When I was in college, my sister was always a beauty queen and won the title of “Teen Queen of Birmingham” and with it fifty dollars. She announced to all of Birmingham in a radio interview that she was giving it to her sister to breed her mare! My mother swooned as that was a definite no-no in those days. Real ladies never mentioned breeding animals! This resulted in my first foal born while I was a freshman at the University of Alabama. Soon another foal was on its way and I left school to support my growing herd of horses before my father found out. But, that was years before John and I moved our family of four children to the country.

Blanchita was Mailee Dare’s first foal and my first since those college days. Blanchita’s short life was a beginning study for our family in producing and raising colts. She also was God’s tool for teaching us the first lesson in meeting life’s most profound moments. We gave her to Mike as a yearling to be his to train and ride, since he had outgrown Snowfire, the grey welsh pony he had trained and ridden to an unending list of championships for fifty inch ponies. When Blanchita was two years old, Mike began her training. Two days after he began riding her, she escaped from her stall during the night. She pawed at the steel gates across the hall of the barn and caught her leg in one. The gate, still caught on her leg, came off its hinges and the frightened filly bolted. John and I awoke to the dreadful noise of pounding hooves and the dragging and clanging of metal. Right outside my bedroom window the frantic bedlam came suddenly to an end, and the resulting quiet was interrupted by a pitiful bleat.

Our hearts were pounding with fright as we raced outside and found the filly standing on three legs, her right, foreleg dangling from her body.
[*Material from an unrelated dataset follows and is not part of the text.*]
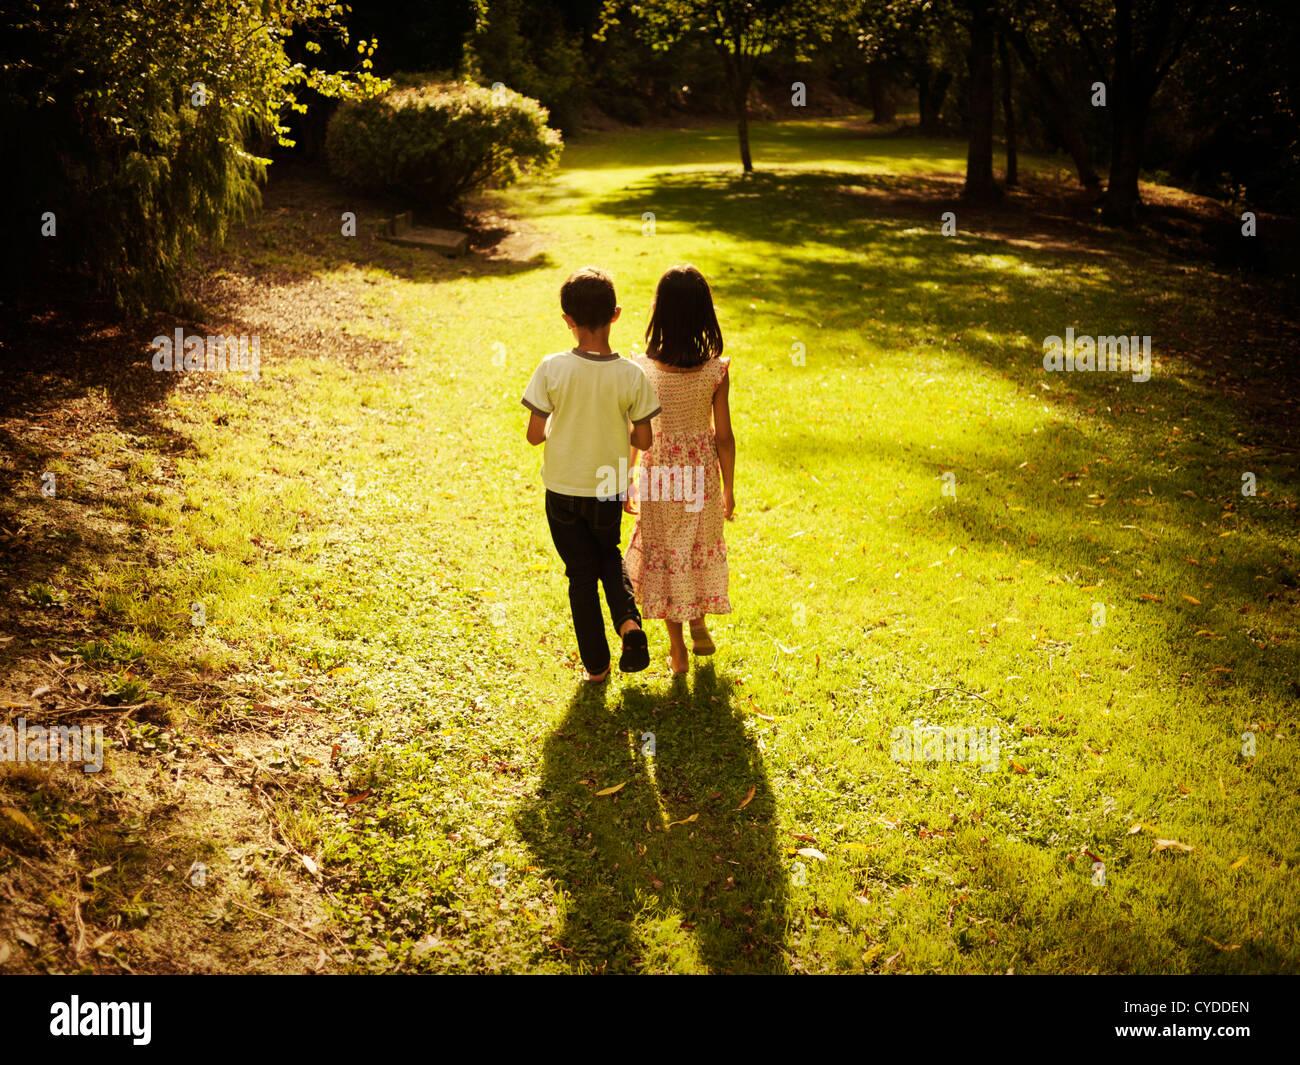 Hora dorada: chico y chica tarde de verano caminando en el bosque Imagen De Stock

Her eyes begged us for help. I held her mangled leg as she stood trembling and sweating while John ran for a gun. We knew there was nothing else to be done but end her agony. The sound of the rifle shot waked the children and my heart died as Mike screamed from his window, “You’re killing my horse! You’re killing my horse!” The first bullet missed its mark. I’ll never forget the bewildered look of the filly as the ones she had turned to for help offered her nothing but more pain. The second bullet ended her pain.

As the young mare’s body crumpled to the ground and my young son’s cries eased, my heart was breaking. I screamed to the sky, “Why, God? Why? How could you allow such agony of body and soul? Why? Oh, why?” My heart screamed! How could this be allowed by the God I loved so much? I hurled my question to the Universe. My body convulsed with the horror of this event.

And then it was as if the still of night wrapped its arms around me. There was an embrace of love, more tender and more comforting than my own mother’s arms when she had soothed away my childhood misery. A still, small voice spoke to my heart; although to me it came from all outdoors: “This is My responsibility, not yours. All this pain, this seeming betrayal of love. This anguish of heart in man and child and beast. You have the cross to prove my love. Look at the cross! Look at the cross and that is where you will see me as I am. The rest is my responsibility. Trust Me!”

The stars looked friendly again that warm summer night, with the smell of honeysuckle heavy in the air. Soon after, Mike went peacefully off to bed. As I will never forget the pain of that night, so I will never forget the tremendous reality of that answer. There is so much I can’t understand, but all that is God’s responsibility. I have the cross of my Lord Jesus Christ as the pledge of God’s love. The cross is indeed the focus point of all history and all of history is measured by it. All other things become shadows in the light of its majesty. Sometime, somehow, all that we don’t understand will be brought into focus in the light of that Eternal Love who rules the universe. My part is only to look at this great love revealed in the cross. That is where you will find me.